Why the output of printf(“%d” +1) is d but printf(“%%%d”+1) is %d?

Question

Why is that the output of

#include<stdio.h>
void main()
{
printf("%d"+1);
}

is d but the output of

#include<stdio.h>
void main()
{
 printf("%%%d"+1);
}

is %d and not %%d ??

Answer 1

"%d"+1 by pointer arithmetic takes you to the second char in the char array which is d .

In the string literal "%%%d"+1 leaves you with "%%d" which is interpreted as %d by printf . Since %% is escaped to % .

Answer 2

You are doing pointer arithmetic. "%d"+1 is "d" and "%%%d"+1 is "%%d" (it's like you are skipping the first character of the string).

But, as the documentation of printf() explains, the percent sign ( % ) is a special character in the string format argument of printf() . It introduces a "conversion specifications".

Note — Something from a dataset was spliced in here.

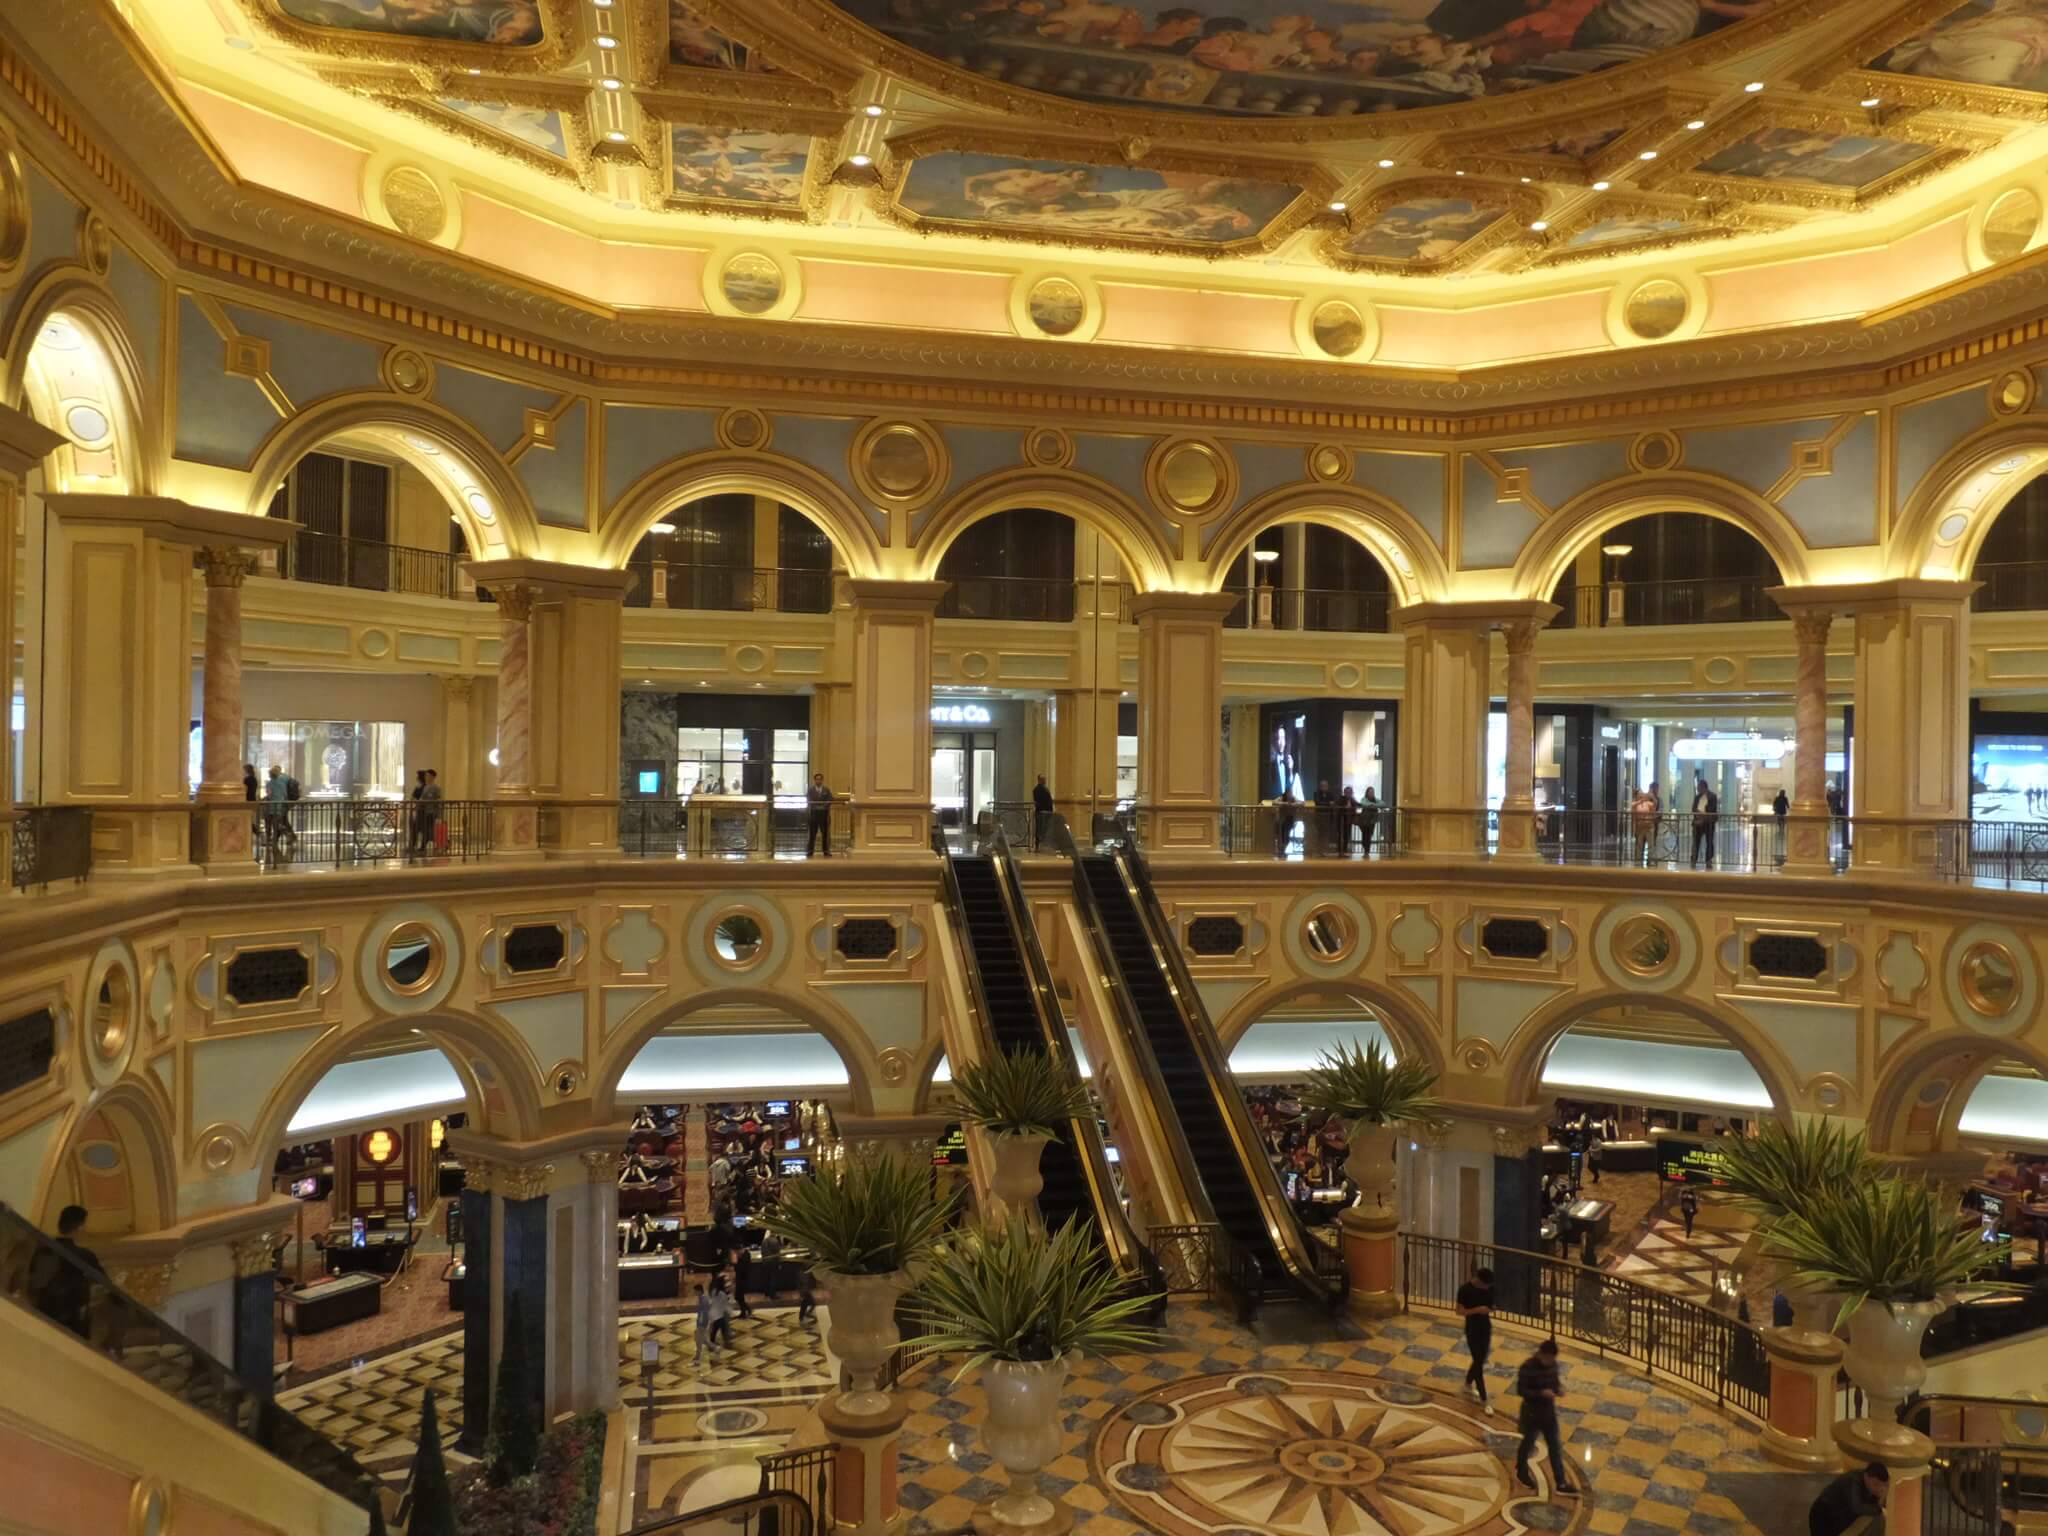 The Venetian Hotel and Casino in Las Vegas, geraakt door een digitale aanval in 2014. © Flickr / Friscocali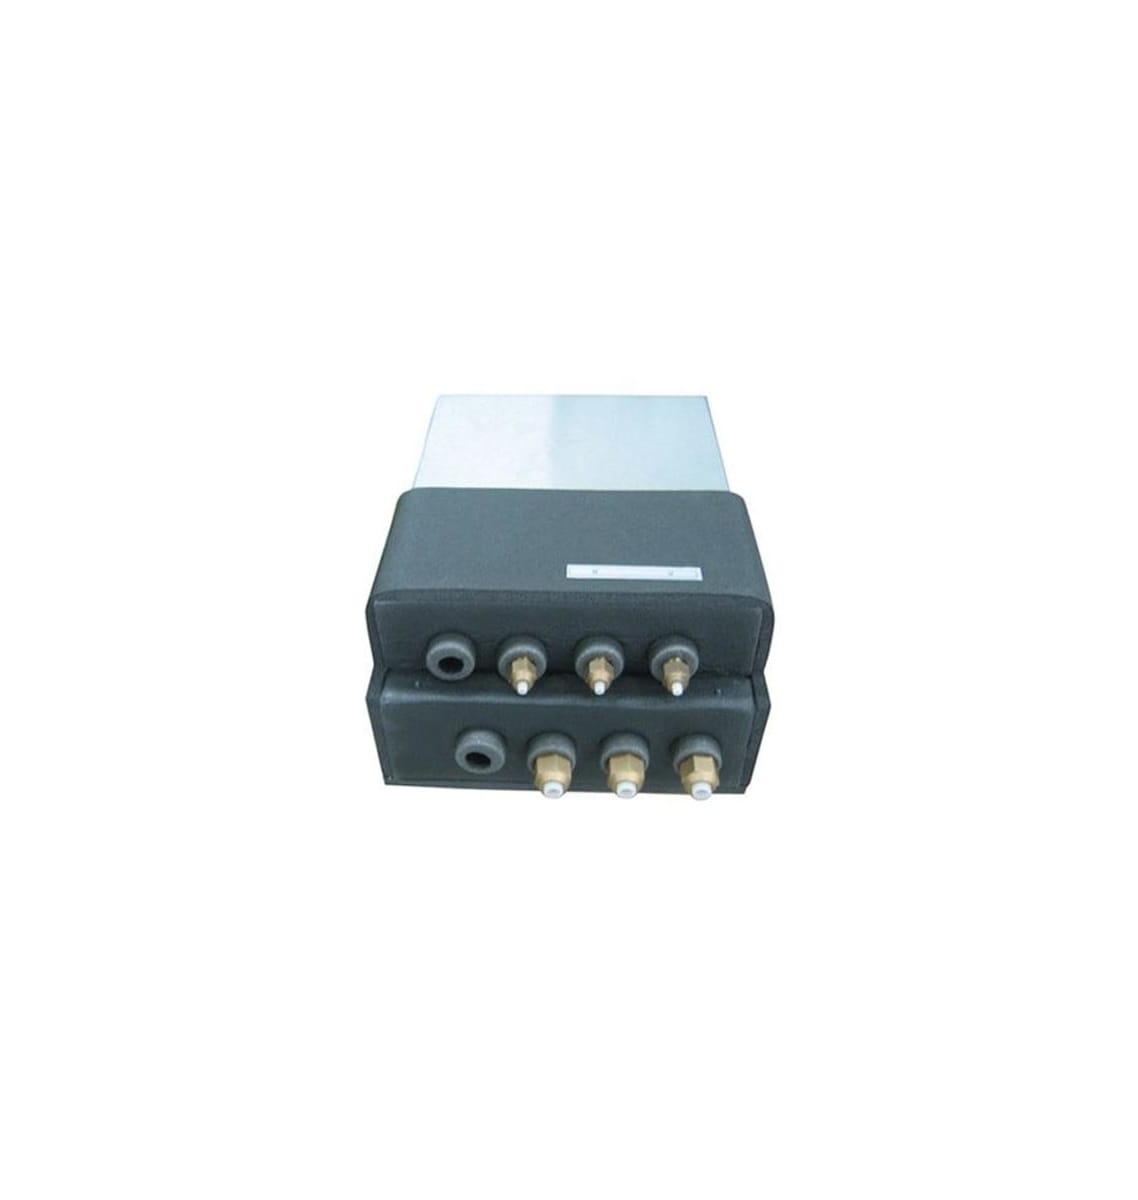 LG Heat Pump Mini Split Systems Cooling - L3L48D09121800

Because it is a special character it needs a special sequence (a conversion specification, in fact) in order to be able to print a literal % . And the conversion specification designated to print a literal % is exactly %% , as you can see from the first row of the conversion specifications table in the docs.

Answer 3

You are using +1 in printf which will in turn skip the one character ie % in your case. after skipping % character you will be left with %%d , since %% is used to print % character. Output will be %d .